Si Severus n'avait pas un minimum de savoir-vivre, il aurait crié sur-le-champ.

- Pardon ?

Mais Harry savait que son ancien professeur avait compris, et baissa les yeux.

- Très bien, se reprit l'adulte. Je vais t'aider.

Il l'embarqua dans les autres rayons et lui fit essayer un pull afin de deviner sa taille. Une fois cela accompli, il lui prit d'office cinq pulls dans les tons verts et vit la grimace de son fils.

- Ça ira bien avec tes yeux, se moqua-t-il ouvertement.

- Et ça fait très serpentard, répondit Harry avec amusement. J'aime bien le vert, mais je n'aime pas le kaki.

- Ah.

Severus reposa les deux pulls vert kaki et garda les trois autres avant d'en prendre un bleu, un rouge, et deux noirs. Il prit également plusieurs t-shirt et le laissa choisir ceux plus décontracté. Mais Harry avait beaucoup de mal à choisir et Severus perdait patience.

- Aucun ne te plaît ?

- Si mais…

Le prix. Severus était certain que son fils bloquait sur le prix.

- Prends celui de droite, puis le bleu turquoise avec un vif d'or et celui avec la phrase anglaise. Tu vas aller m'essayer tout ça et je te rejoins avec des pantalons et des sous-vêtements.

La bouche ouverte prêt à protester, Harry secoua la tête et se dirigea aux cabines d'essayages comme s'il allait à l'échafaud.

Une vendeuse prit rapidement ses mesures et lança un sortilège qu'il ne compris pas avant de pouvoir accéder aux cabines.

Severus le rejoignit alors que Harry essayait le troisième pull et lui tendit des pantalons.

- Tout te va ?

- Oui… la dame a lancé un sortilège… je…

- Un sort d'ajustement j'imagine, fit Severus. Les françaises sont bien sympathiques.

Harry joua le top model devant Severus qui approuva les tenues puis ce fut l'inverse. Severus grogna lorsque son fils lui demanda de voir les habits qu'il essayait mais la supplication ne tomba pas dans l'oreille d'un sourd : il avait fait subir à Harry un essayage en règle, alors il devait faire pareil. Et étonnement, cela ne le dérangea pas. Certains habits fut bannis et Harry râla sur le fait que la plupart des vêtements n'étaient faits que de tissu noir et Severus s'emporta en lui disant qu'il n'avait qu'à lui trouver mieux.
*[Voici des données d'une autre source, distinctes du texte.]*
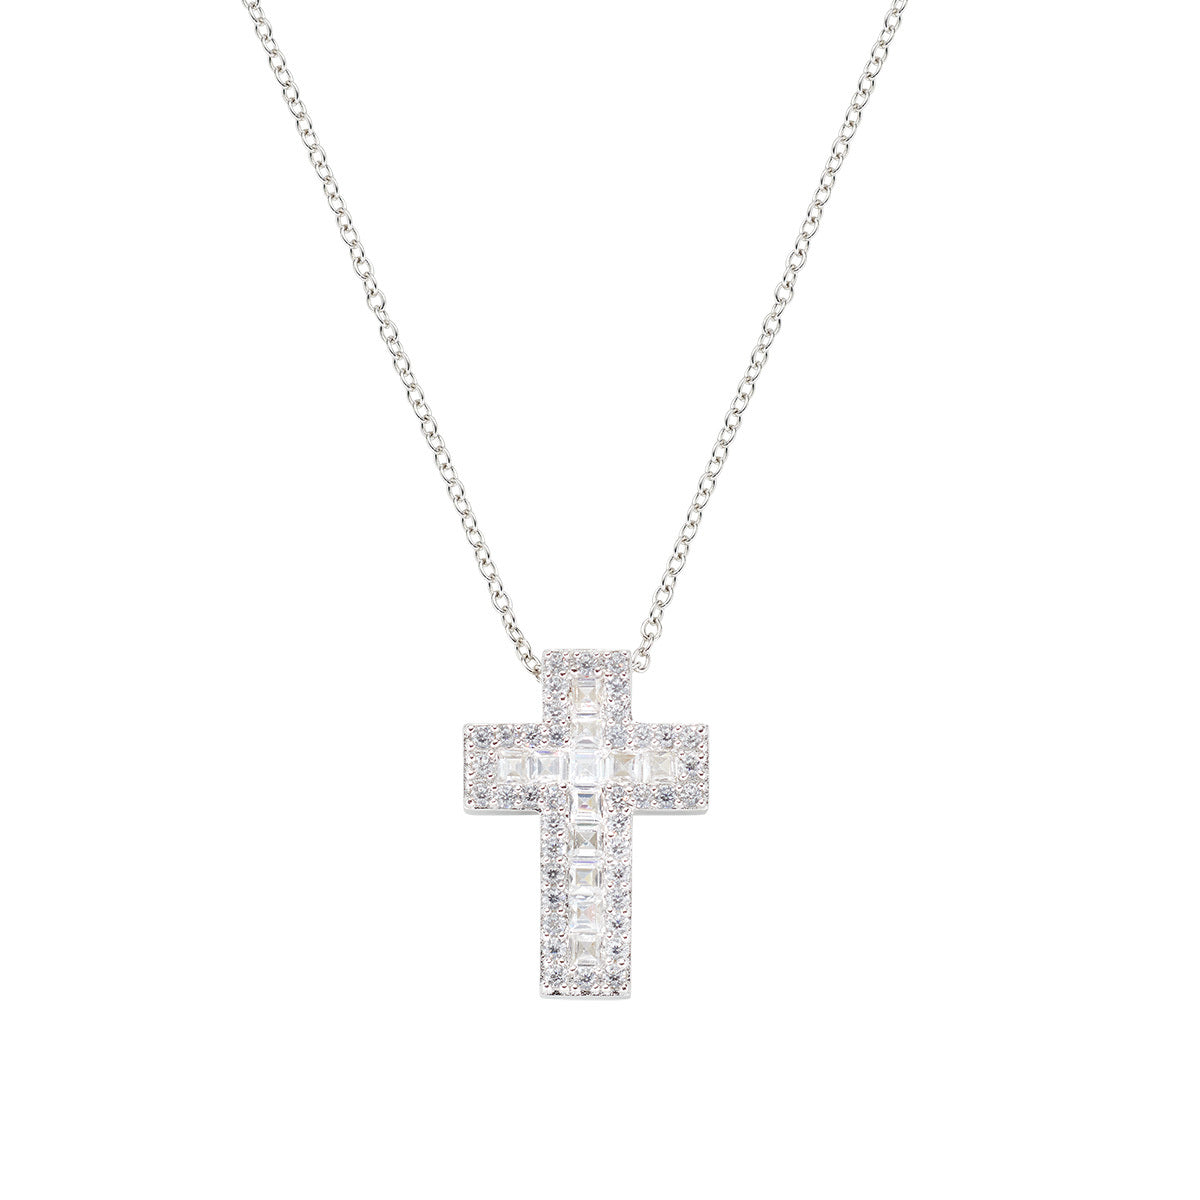 Amen collana croce con zirconi bianchi - CLCRREBBBZ1

Et il aurait peut-être dû éviter de dire cela…

Il s'était ensuite retrouvé avec une vingtaine de pulls, de robes de sorciers et de pantalons tous plus classes les uns que les autres et Harry demanda de tous les voir sur lui. Malgré lui, Severus se prêta au jeu et ils eurent de belles surprises. Lily n'aurait qu'à bien se tenir, et Harry avait décidément du goût si cela n'était pas pour lui-même.